What Is Overfitting?

Overfitting is a modeling error in statistics that occurs when a function is too closely aligned to a limited set of data points. As a result, the model is useful in reference only to its initial data set, and not to any other data sets.

Overfitting the model generally takes the form of making an overly complex model to explain idiosyncrasies in the data under study. In reality, the data often studied has some degree of error or random noise within it. Thus, attempting to make the model conform too closely to slightly inaccurate data can infect the model with substantial errors and reduce its predictive power.

Key Takeaways

  • Overfitting is an error that occurs in data modeling as a result of a particular function aligning too closely to a minimal set of data points.
  • Financial professionals are at risk of overfitting a model based on limited data and ending up with results that are flawed.
  • When a model has been compromised by overfitting, the model may lose its value as a predictive tool for investing.
  • A data model can also be underfitted, meaning it is too simple, with too few data points to be effective.
  • Overfitting is a more frequent problem than underfitting and typically occurs as a result of trying to avoid overfitting.

Understanding Overfitting

For instance, a common problem is using computer algorithms to search extensive databases of historical market data in order to find patterns. Given enough study, it is often possible to develop elaborate theorems that appear to predict returns in the stock market with close accuracy.

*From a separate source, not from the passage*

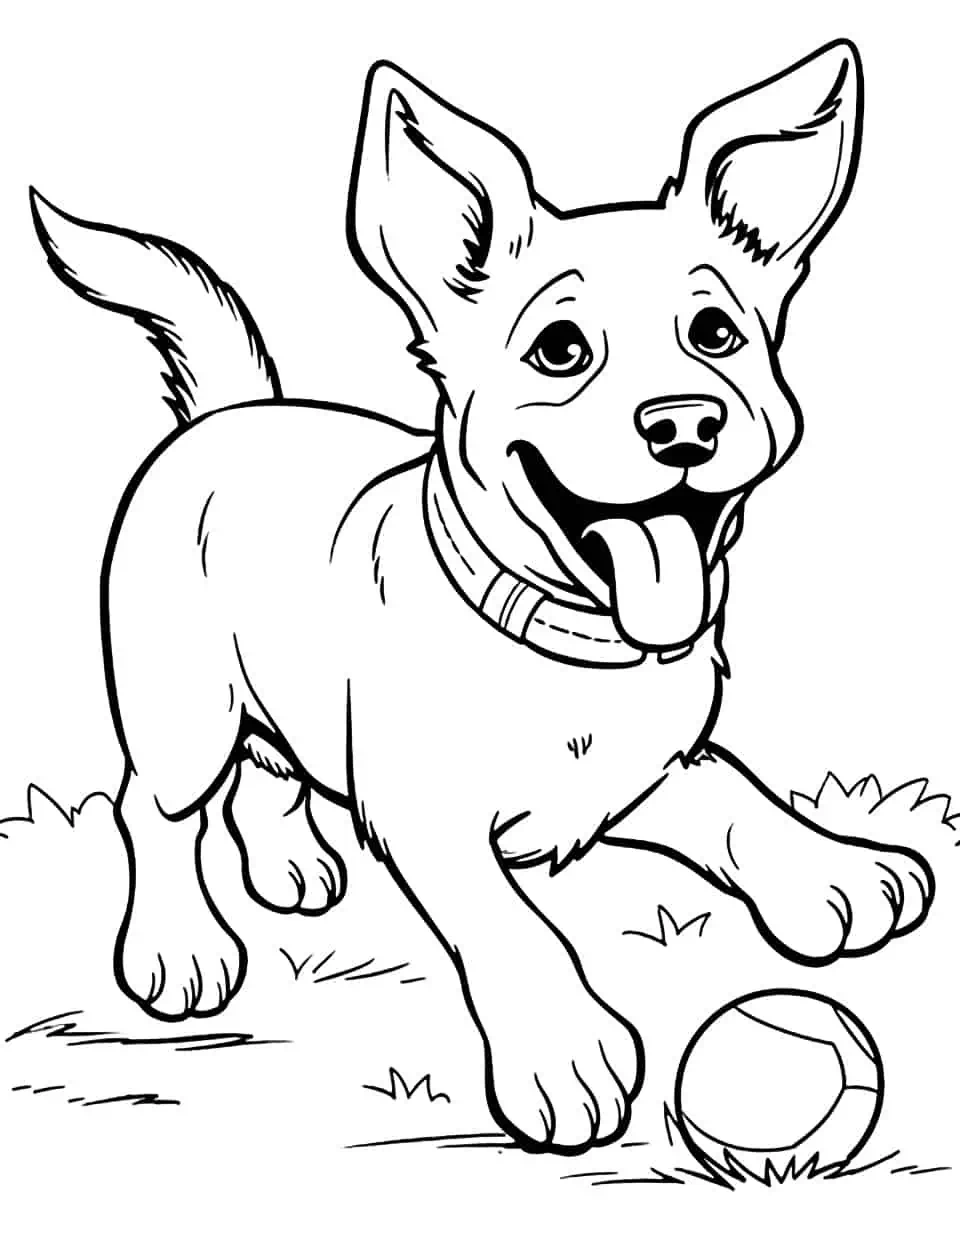 Playful German Shepherd Coloring Page - An easy-to-color image of a playful German Shepherd chasing a ball.

However, when applied to data outside of the sample, such theorems may likely prove to be merely the overfitting of a model to what were in reality just chance occurrences. In all cases, it is important to test a model against data that is outside of the sample used to develop it.

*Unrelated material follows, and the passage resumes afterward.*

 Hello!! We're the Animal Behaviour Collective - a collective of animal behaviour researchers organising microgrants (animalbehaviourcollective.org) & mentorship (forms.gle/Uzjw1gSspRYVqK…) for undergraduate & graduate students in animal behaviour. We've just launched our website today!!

How to Prevent Overfitting

Ways to prevent overfitting include cross-validation, in which the data being used for training the model is chopped into folds or partitions and the model is run for each fold. Then, the overall error estimate is averaged. Other methods include ensembling: predictions are combined from at least two separate models, data augmentation, in which the available data set is made to look diverse, and data simplification, in which the model is streamlined to avoid overfitting.

Financial professionals must always be aware of the dangers of overfitting or underfitting a model based on limited data. The ideal model should be balanced.

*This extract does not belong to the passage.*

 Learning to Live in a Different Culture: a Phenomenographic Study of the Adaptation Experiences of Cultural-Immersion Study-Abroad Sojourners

Overfitting in Machine Learning

Overfitting is also a factor in machine learning. It might emerge when a machine has been taught to scan for specific data one way, but when the same process is applied to a new set of data, the results are incorrect. This is because of errors in the model that was built, as it likely shows low bias and high variance. The model may have had redundant or overlapping features, resulting in it becoming needlessly complicated and therefore ineffective.

Overfitting vs. Underfitting

A model that is overfitted may be too complicated, making it ineffective. But a model can also be underfitted, meaning it is too simple, with too few features and too little data to build an effective model. An overfit model has low bias and high variance, while an underfit model is the opposite—it has high bias and low variance. Adding more features to a too-simple model can help limit bias.

Overfitting Example

For example, a university that is seeing a college dropout rate that is higher than what it would like decides it wants to create a model to predict the likelihood that an applicant will make it all the way through to graduation.

To do this, the university trains a model from a dataset of 5,000 applicants and their outcomes. It then runs the model on the original dataset—the group of 5,000 applicants—and the model predicts the outcome with 98% accuracy. But to test its accuracy, they also run the model on a second dataset—5,000 more applicants. However, this time, the model is only 50% accurate, as the model was too closely fit to a narrow data subset, in this case, the first 5,000 applications.